SUPPLIED DATA: Begin

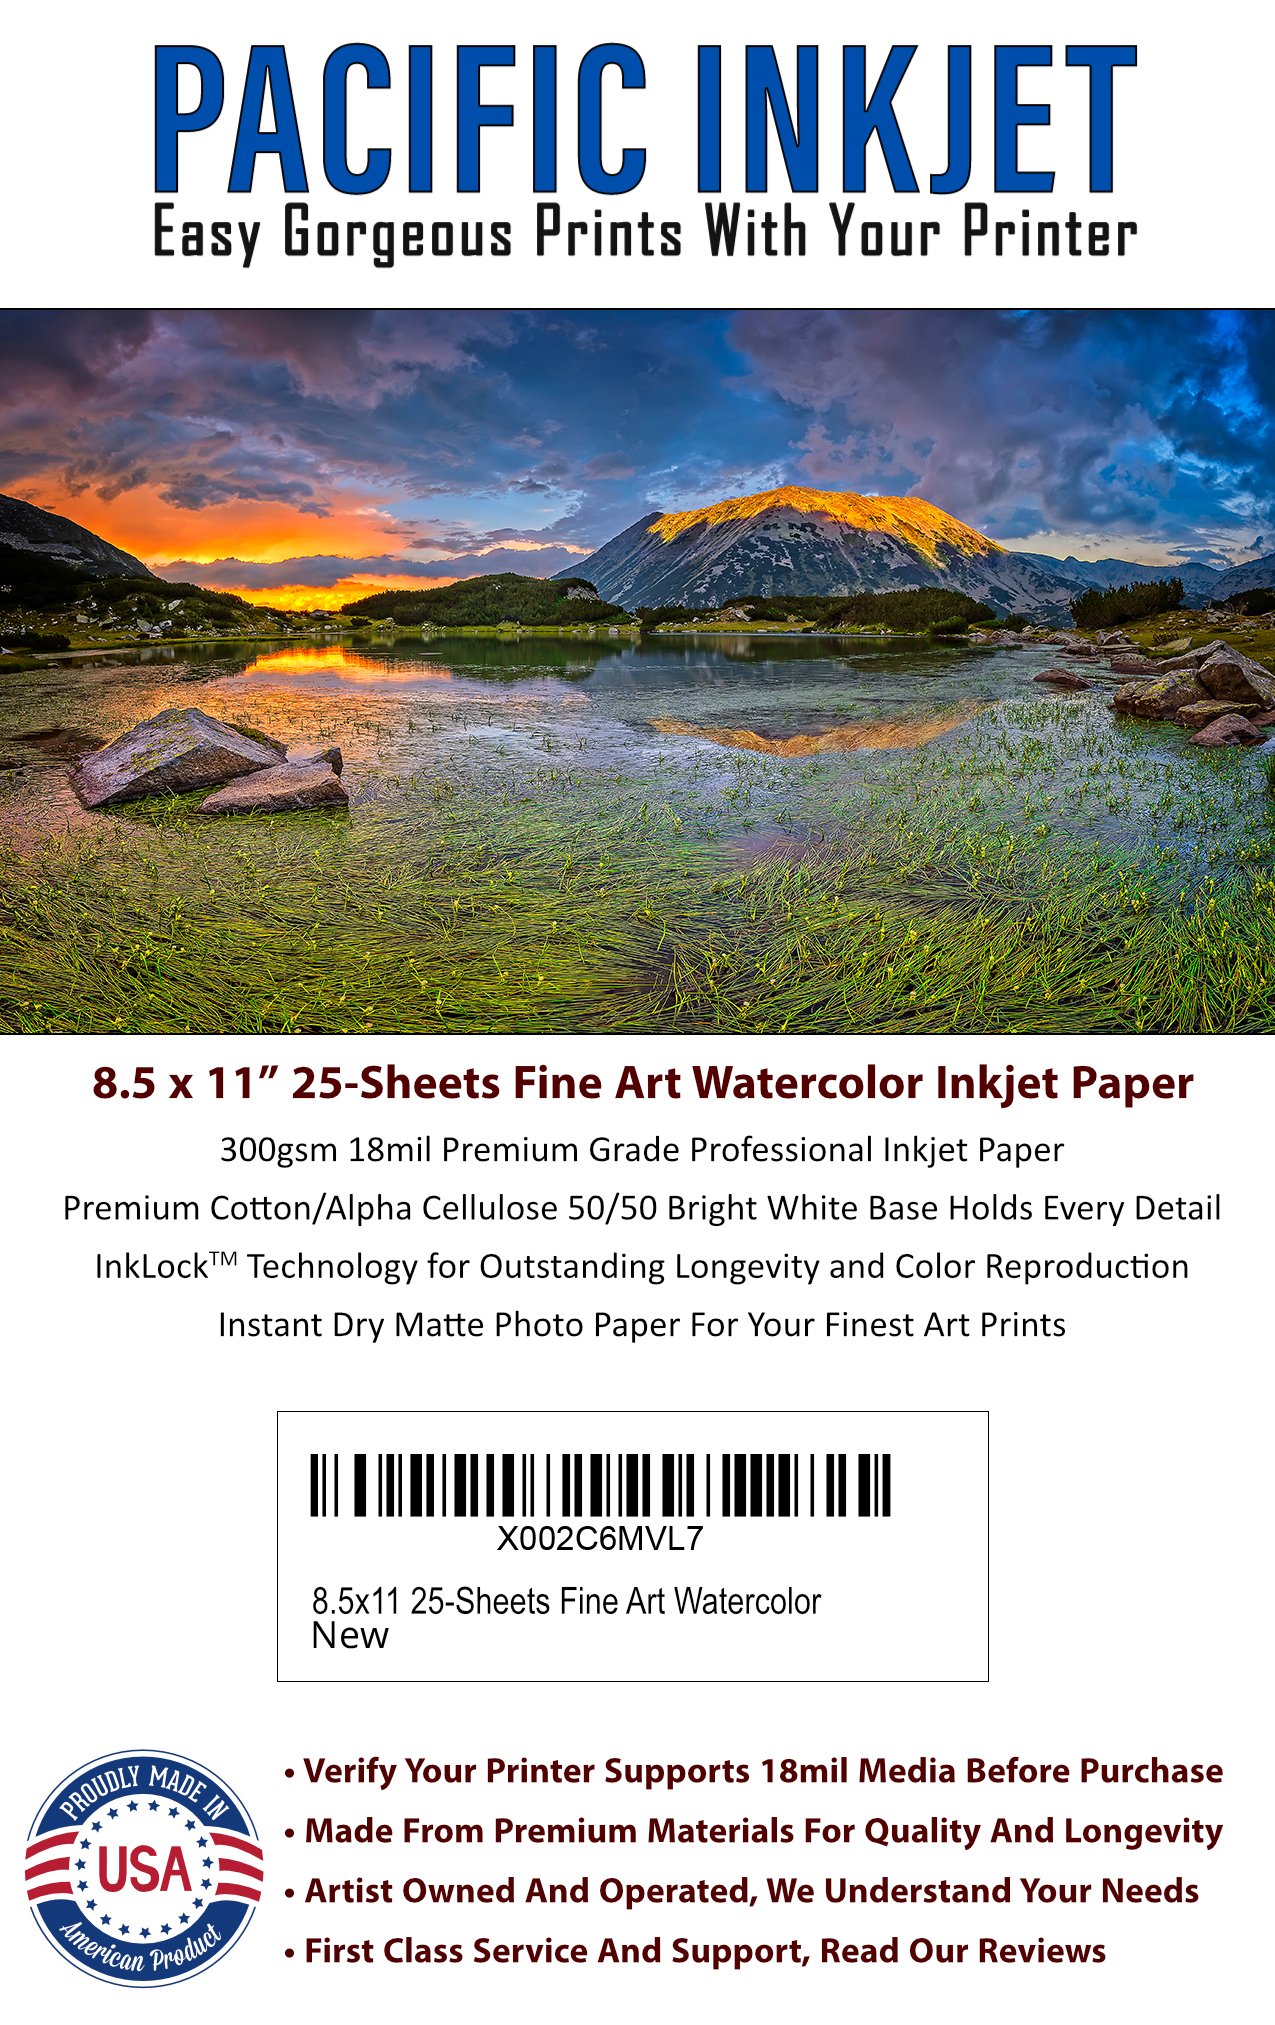 EACH - INKJET WATERCOLOR PAPER 8.5X11
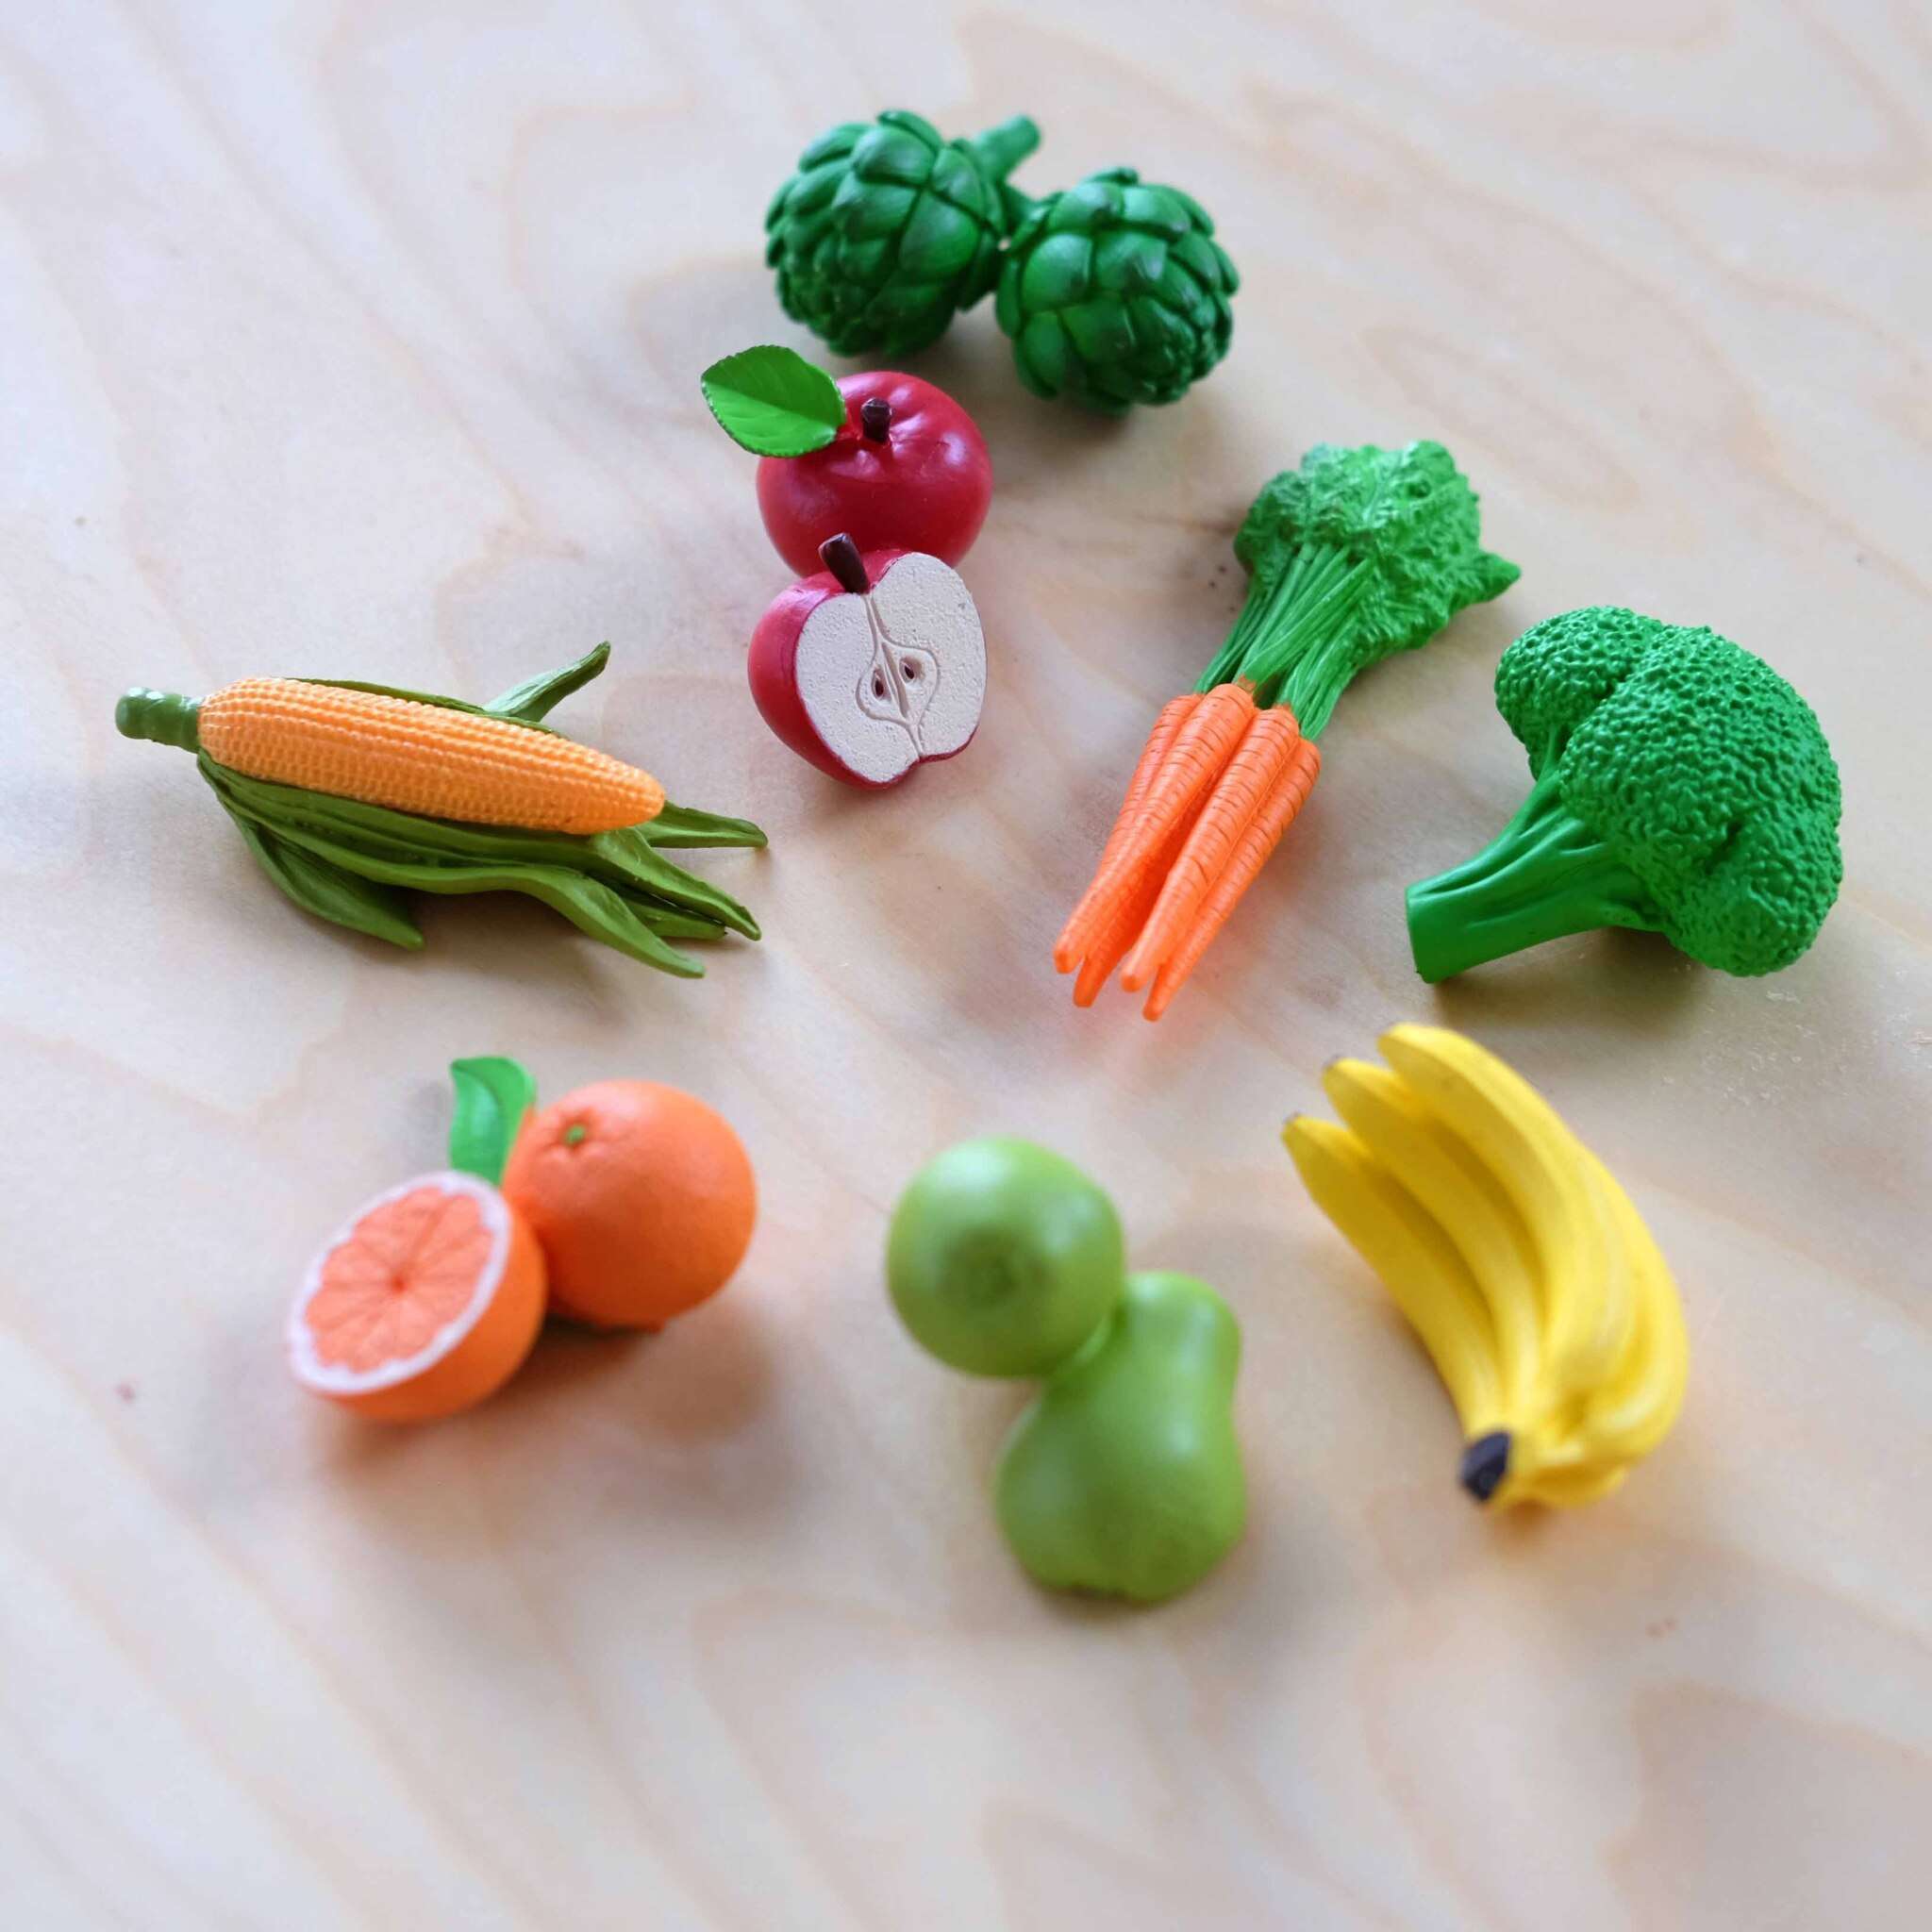 Игрушечные продукты - овощи и фрукты из дерева
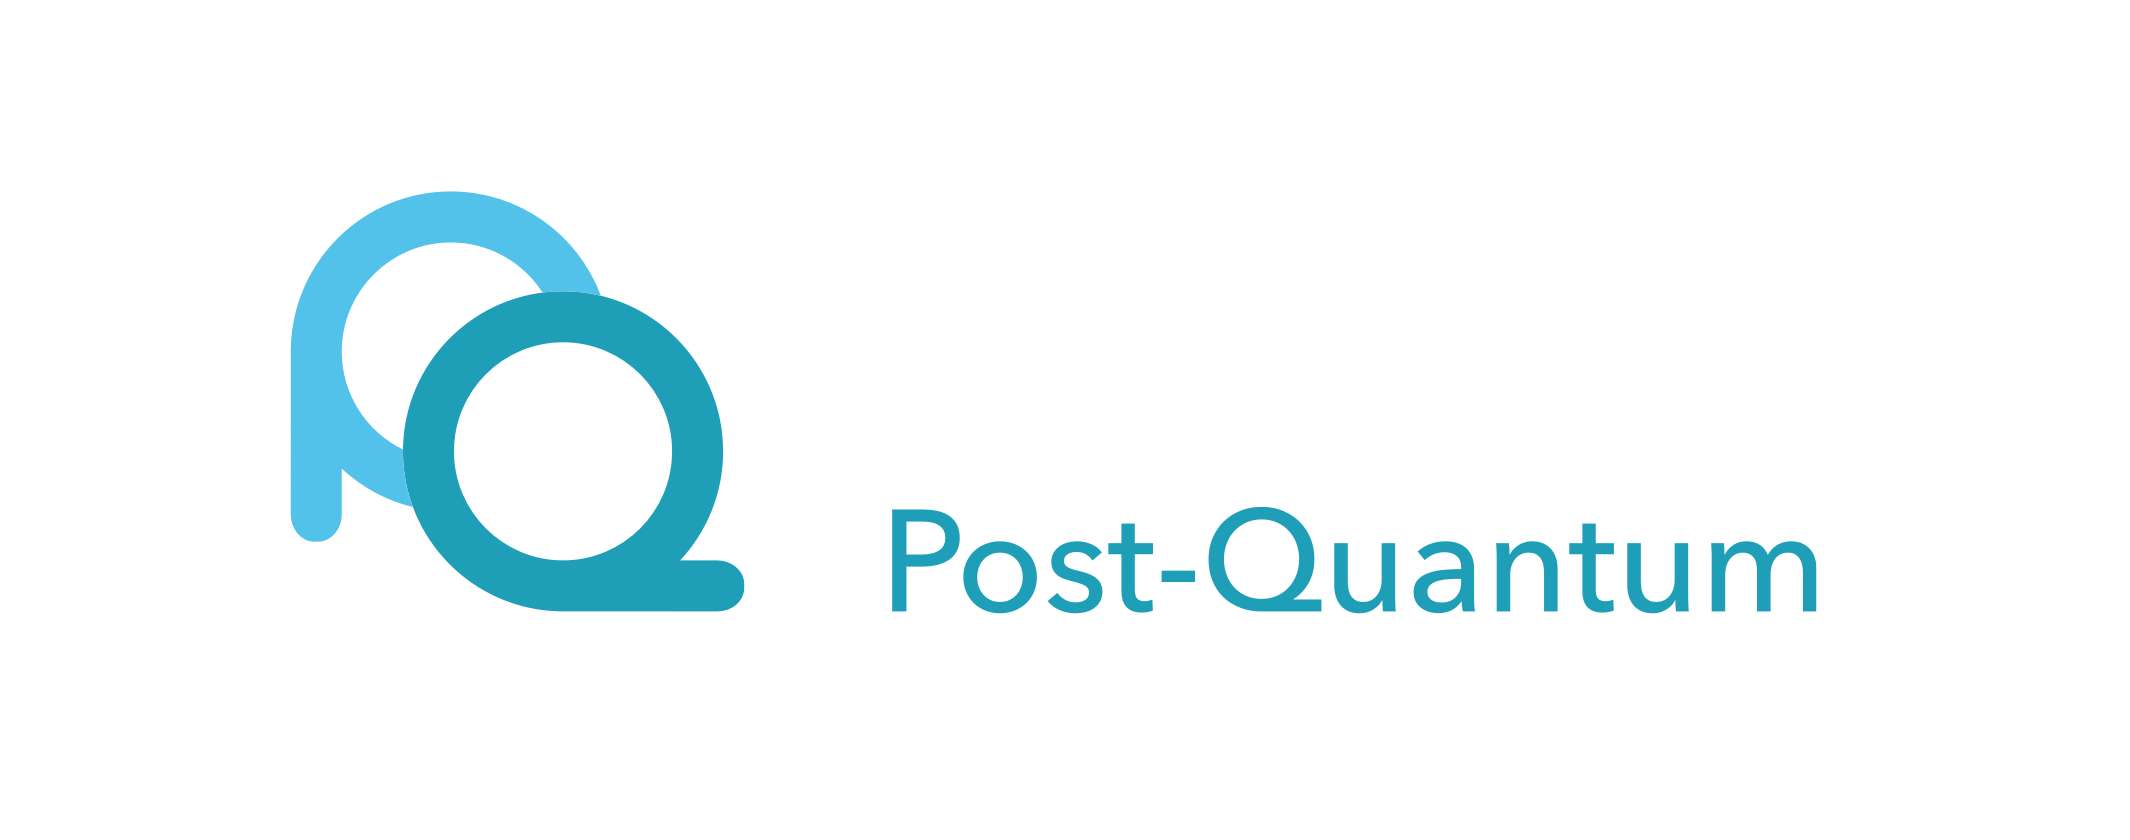 Post-Quantum (PQ Solutions)

SUPPLIED DATA: End

== WHAT THE EXERCISE ASKS ==
Please retype the whole listing above exactly, without any of its images.

== SOLUTION FOR THIS PROBLEM ==
 EACH - INKJET WATERCOLOR PAPER 8.5X11
 Игрушечные продукты - овощи и фрукты из дерева
 Post-Quantum (PQ Solutions)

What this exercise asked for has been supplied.